The Vienna Jews were moved from place to place, depending on where labor was most needed. No trucks were available to take the prisoners to their work sites, so they walked or traveled by streetcars, which led to local residents seeing their pitifully thin, grimy clothes and their hungry children. It was impossible for the guards to prevent chunks of bread, apples, or bits of cookies from being slipped into Jewish hands. To the surprise of the German authorities, many local Austrians who came into direct contact with the deportees were not without humanity.

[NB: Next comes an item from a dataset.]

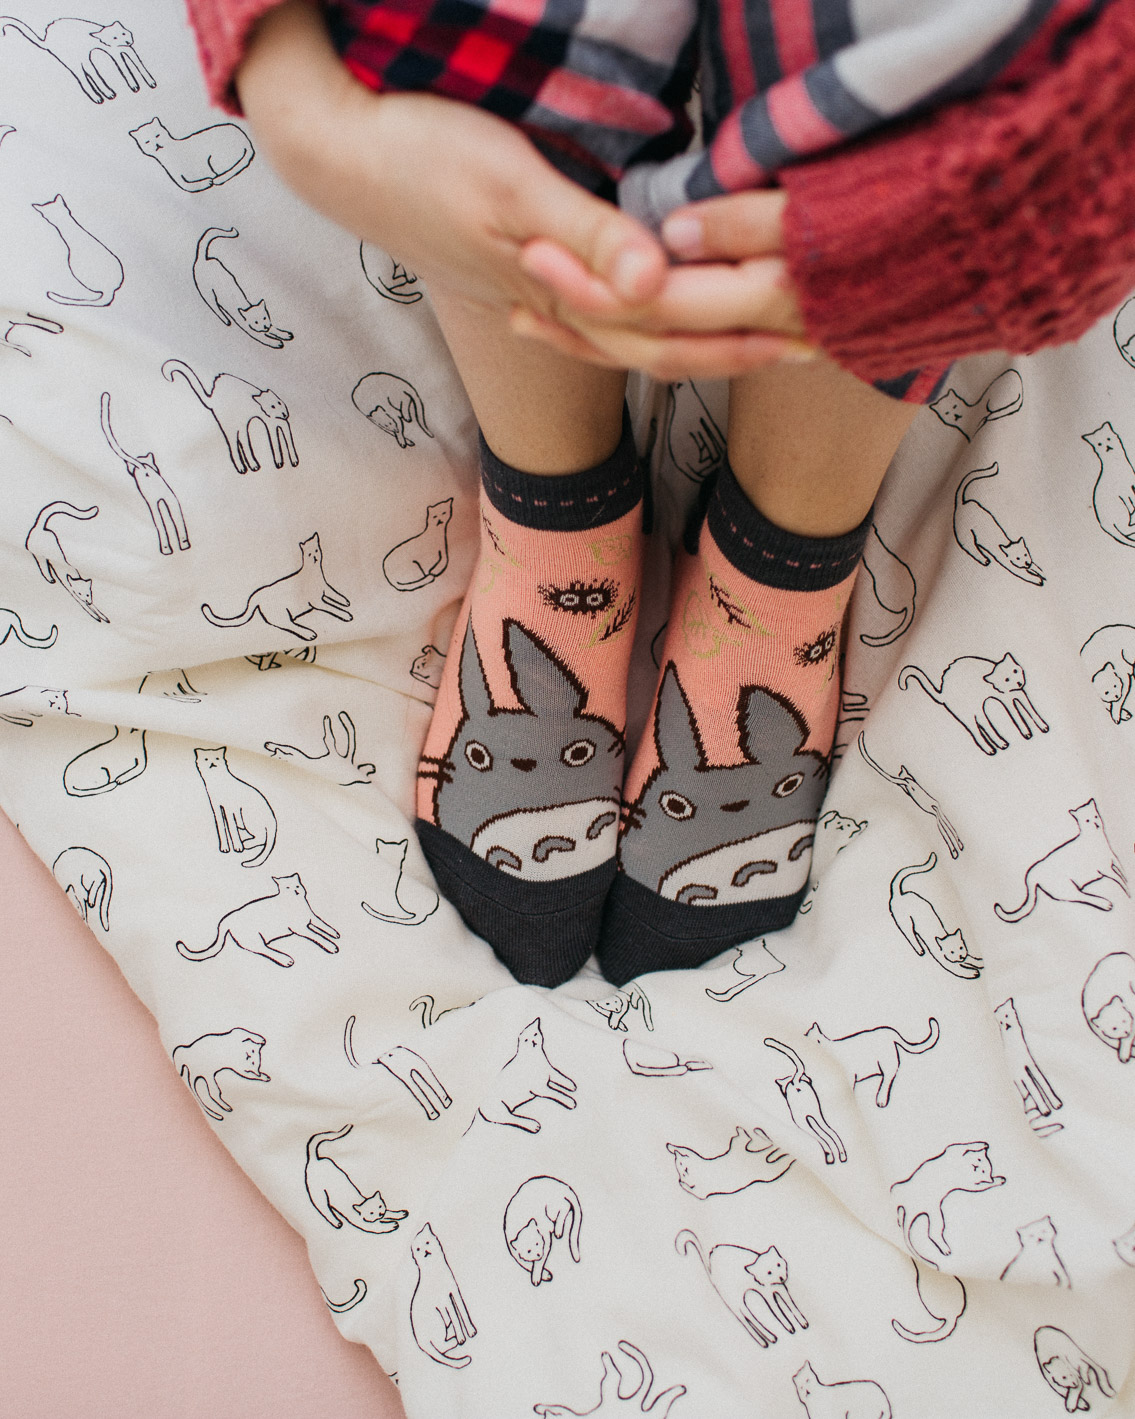 Totoro socks & cat duvet - The cat, you and us

At family farms, some local villagers volunteered to send letters home to relatives in Hungary and provided their own addresses for return mail. Despite their own strained circumstances, a few farmers gave clothing to their Jewish workers. Many ignored the prohibition against giving the Jews anything other than the prescribed near-starvation diet. When villagers saw emaciated elderly people being marched to the farms in the half dark of early dawn, they felt angry at the system that caused such things to happen. A boy named George, only seven years old when he was deported with his family to a farm near Wiener-Neustadt, would slip through half-open doors and beg for food as the group marched to the fields. He was rarely disappointed and never betrayed. To underline the warnings, the SS arrested and interned a number of local Christians, some of whose lives ended in concentration camps alongside the Jews they had tried to help. During the years of Nazi terror, over 100,000 Austrian gentiles were incarcerated and almost 20,000 were murdered by the Gestapo.

Reports from civilian employers to Nazi headquarters in Vienna about the behavior of the forced laborers were, overall, very positive. Only a few of the managers found it necessary to insert derogatory phrases about Jews so that they would be viewed as trustworthy Reich citizens and continue to receive Jewish workers.